DeepSeek R1: An initial assessment

The hype around the Chinese language model DeepSeek caused massive stock losses yesterday, especially for semiconductor manufacturers like Nvidia. After exploring the models a bit today, I’d like to share my experiences. Spoiler alert: The hype is (once again) a little overblown.

Web version performs well but isn’t groundbreaking

The “large” model DeepSeek-R1 is currently open for public testing at chat.deepseek.com. While registration via email didn’t work, logging in through Google SSO was seamless. The model feels fast and usually provides plausible answers. However, I couldn’t verify the claimed benchmark superiority (the widely shared graph on HuggingFace was produced by DeepSeek itself).

My benchmark question,

“Write a short essay with footnoted sources about the results of the 2002 German federal election,”

was mostly answered correctly. However, the model falsely claimed: “The election also marked the peak of Green Party influence on the federal level before the party lost support in later years.” The quality of citations and footnotes is similar to ChatGPT-3.5: all sources are hallucinated – appearing as plausible academic references but entirely fabricated.¹

DeepSeek thinks it’s ChatGPT

When I asked DeepSeek about its number of parameters, it told me ChatGPT 3.5 has 175 billion (DeepSeek V3/R1 reportedly has 671 billion on HuggingFace). If you directly ask about the underlying model, DeepSeek often replies that it’s ChatGPT². This might suggest that the claimed cost-efficient training could involve using ChatGPT outputs as training data.

Web version is subject to Chinese censorship—but poorly implemented

When you ask the web version of DeepSeek about topics critical to the CCP (e.g., Tiananmen Square 1989, Taiwan, Winnie the Pooh³, “large yellow duck”⁴), something remarkable happens: The model starts generating a response in real time. However, before completing the answer, the text is deleted, and a message appears:

“Sorry, that’s beyond my current scope. Let’s talk about something else.”

This suggests censorship isn’t applied at the model level but on the interface. Interestingly, the generated (but deleted) responses seem to persist in the session context. Follow-up questions referencing the deleted responses still generate answers, which are then immediately erased in the same manner.

How long this behavior will remain observable is questionable. Recording the screen during response generation could preserve uncensored information, which Beijing likely wouldn’t want.

Download versions appear uncensored but hallucinate heavily

The large DeepSeek models with 671 billion parameters are freely available for download on HuggingFace. However, even when only 37 billion parameters are activated per prompt, inference at acceptable speeds still requires substantial hardware—like an Nvidia RTX 3090 (~€1800)—according to Isaak Kamau.⁵

Since I (like most people) didn’t have this hardware on hand, I used the “distilled” models instead. These are existing open models (Qwen 1.5/7/14/32B and Llama 8/70B) fine-tuned using the large DeepSeek model. Strictly speaking, you’re not working with DeepSeek itself but with a fine-tuned version of Llama or Qwen.

These do not appear to censor; on the contrary, I received answers on all the aforementioned topics. In the so-called “reasoning,” the models were even quite transparent about why these topics might be politically sensitive. However, the answers contained significant factual errors and hallucinations. For instance, the “big yellow duck” was incorrectly explained as a reference to Winnie the Pooh.

Overall, the 8B (Llama) model performed better and was more factually accurate than the 14B (Qwen) model. However, I have already used “open” models that performed significantly better (because they were more accurate).

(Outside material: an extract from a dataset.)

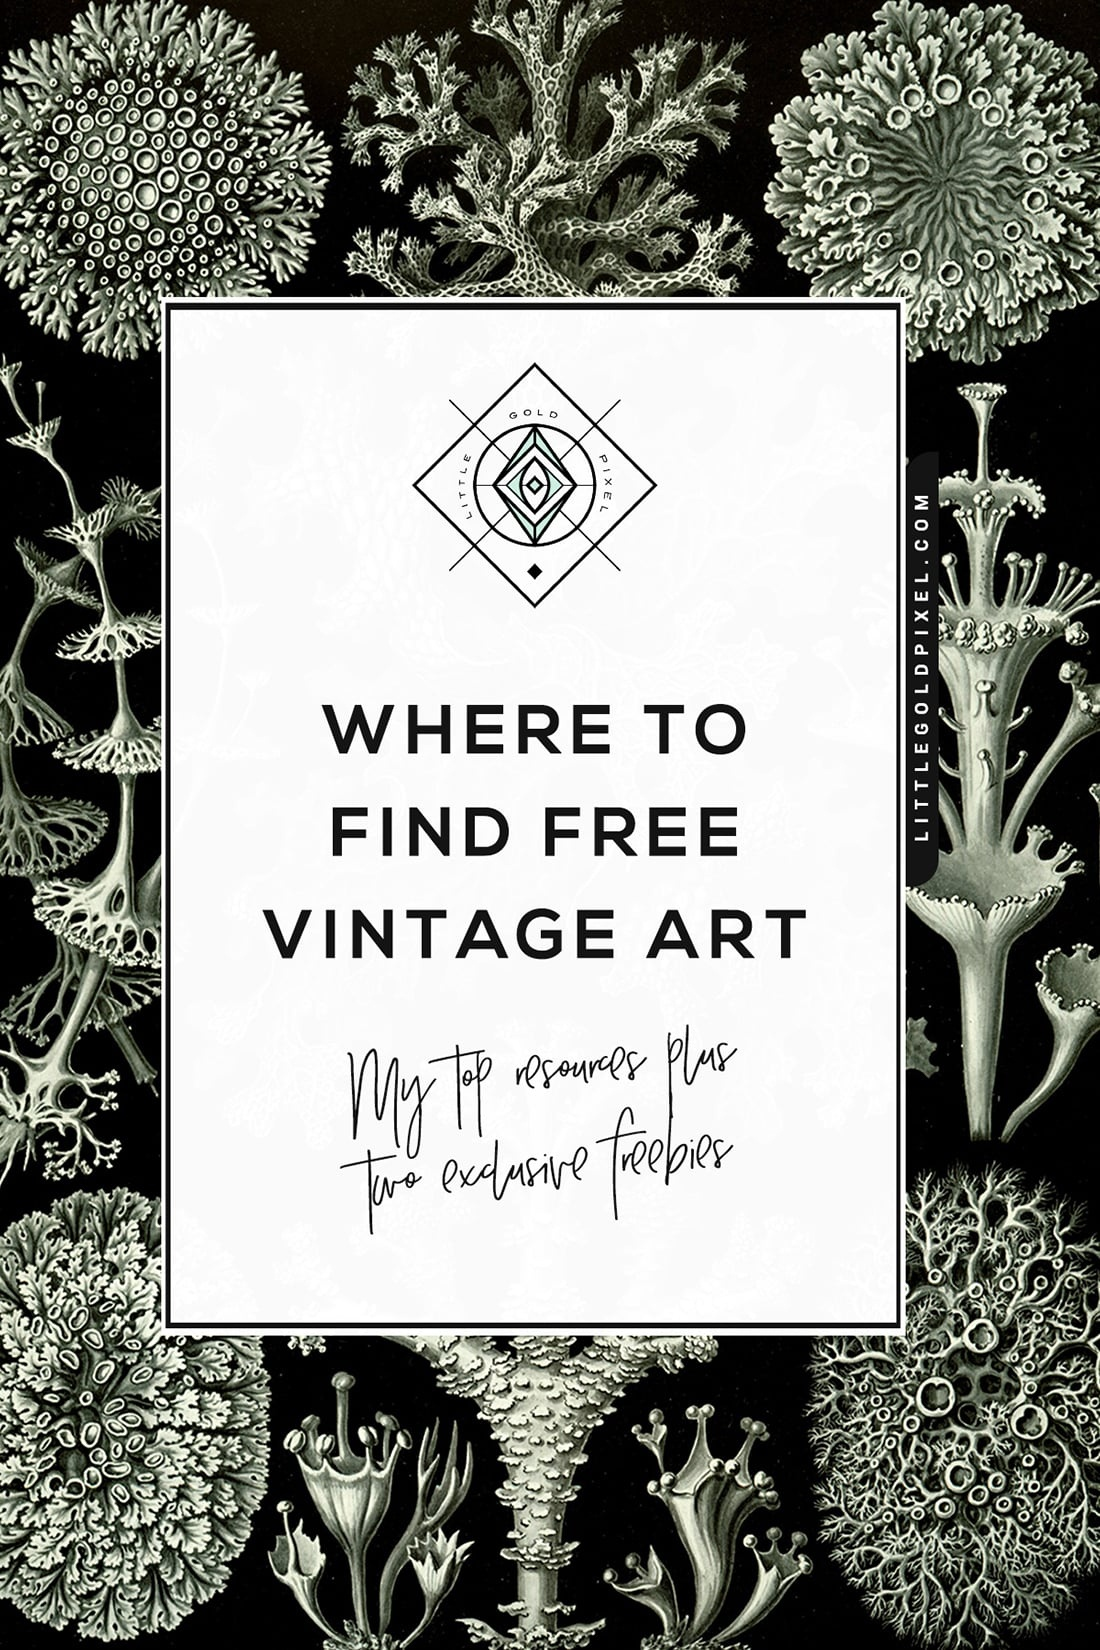 Free Vintage Art • Where To Find It + Exclusive Freebies • Little - Free Printable Vintage Art

Fine-tuning smaller models using larger models is not a new phenomenon, by the way, so the method was not invented by DeepSeek. A similar approach was already applied in March 2023 by the HAI at Stanford University to train Alpaca.⁶

Even “open source” DeepSeek isn’t open

Why did I put “open” in quotation marks? Because “open source” in AI doesn’t mean the same as in software⁷: One of the core principles of open source was always that the code—and therefore the entire program—was accessible and, in principle, transparent. In the Open Source Initiative’s definition of “Open Source AI”, however, this only applies to the code, not to the training data, for which the OSI only requires “sufficiently detailed information about the data used to train the system so that a skilled person can build a substantially equivalent system.”⁸ However, the latter, much more than the comparatively narrow code, is essential for the behaviour and functioning of an AI model.

And so all the so-called ‘open source’ models I know of only offer an intransparent blob of weights that can no longer be understood by anyone due to the sheer mass of training data. This means that generally so-called “open” models are only “free (as in beer)” and not – as originally demanded by the open source idea – “free (as in speech)”.

But DeepSeek does not even fulfil this watered-down OSI requirement: There is no information whatsoever about the training data used. This means that DeepSeek cannot be described as ‘open source’ by any stretch of the imagination, code under MIT licence or not.